* _How to complete this task_:
Using the records below, write out again exactly the lines that begin at the line containing "YVES SAINT LAURENT jeweled earrings" and end at the line containing "63,5 cm, R.", and no other lines.

* _Supplied material_:
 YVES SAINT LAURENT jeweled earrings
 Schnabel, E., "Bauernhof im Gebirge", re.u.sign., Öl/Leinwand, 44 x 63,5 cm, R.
--
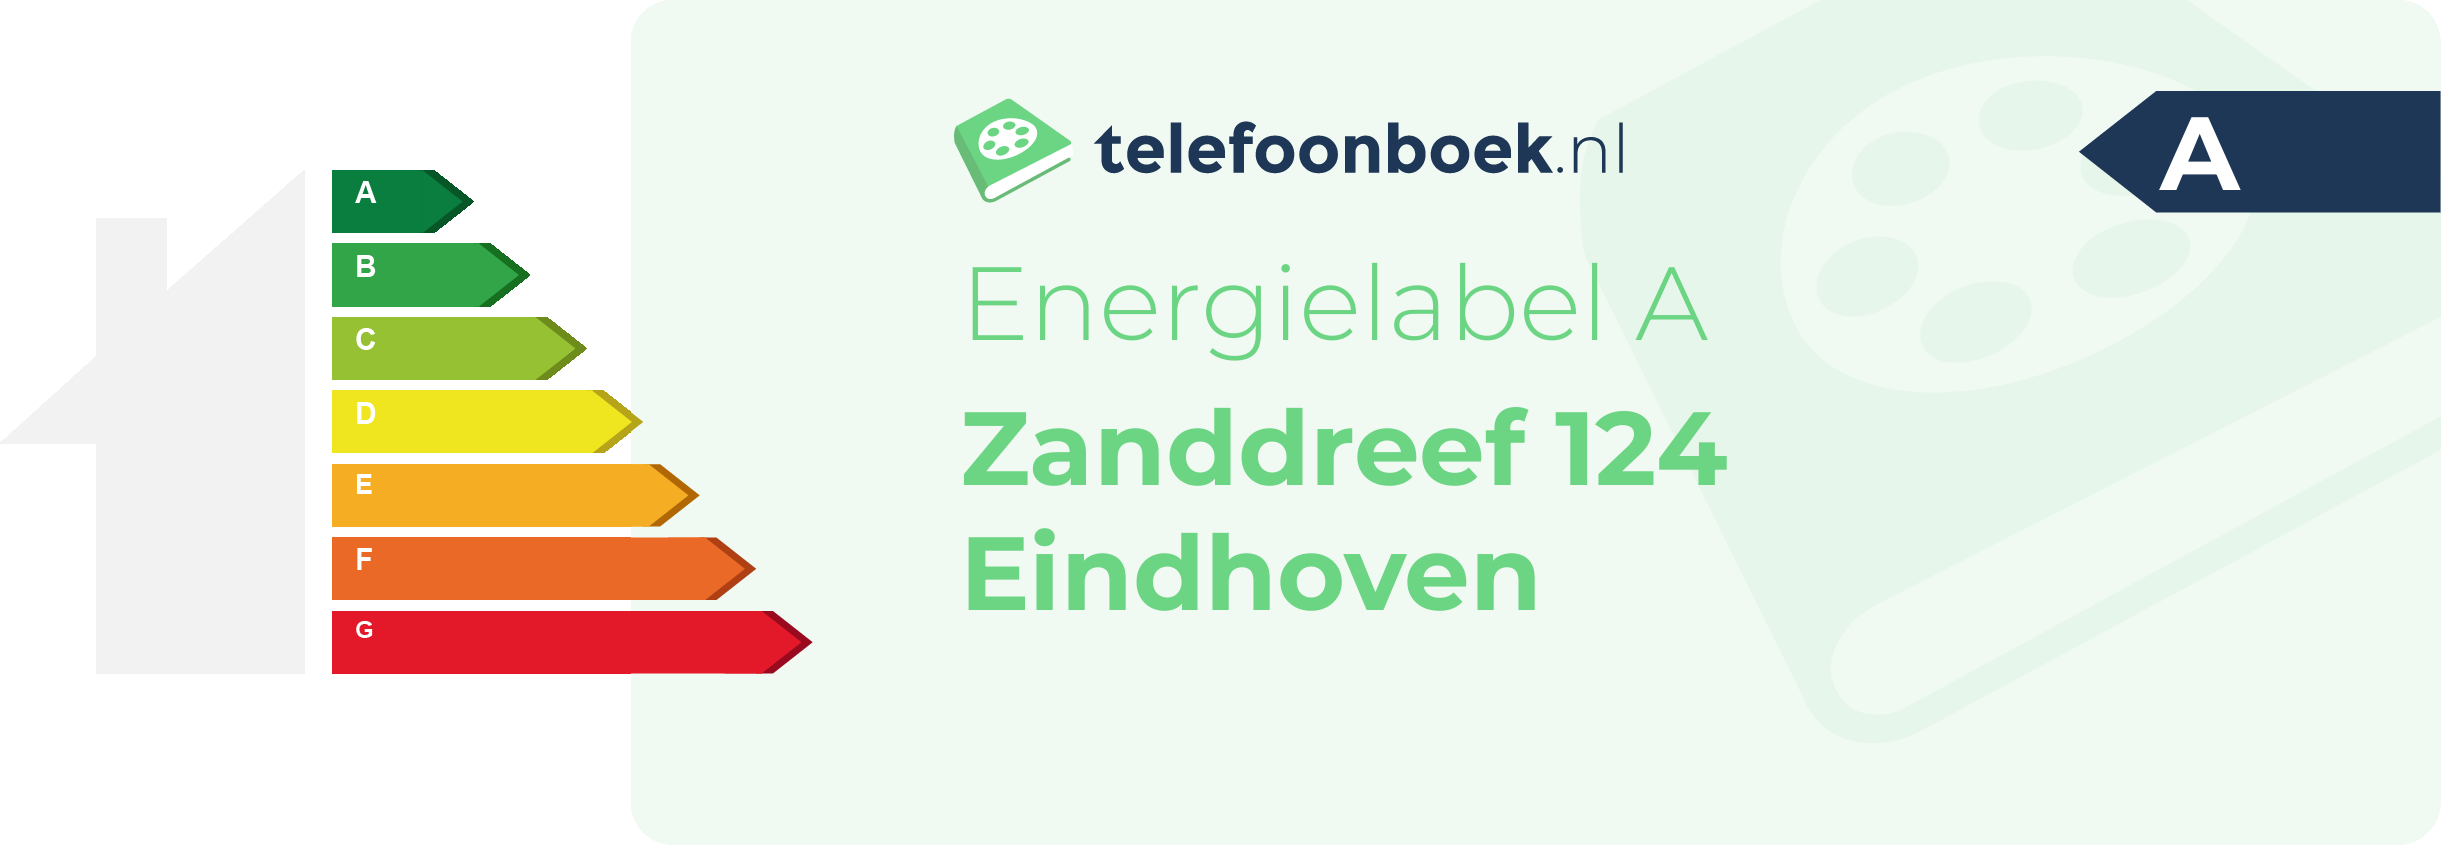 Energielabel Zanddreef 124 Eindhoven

* _Task result_:
 YVES SAINT LAURENT jeweled earrings
 Schnabel, E., "Bauernhof im Gebirge", re.u.sign., Öl/Leinwand, 44 x 63,5 cm, R.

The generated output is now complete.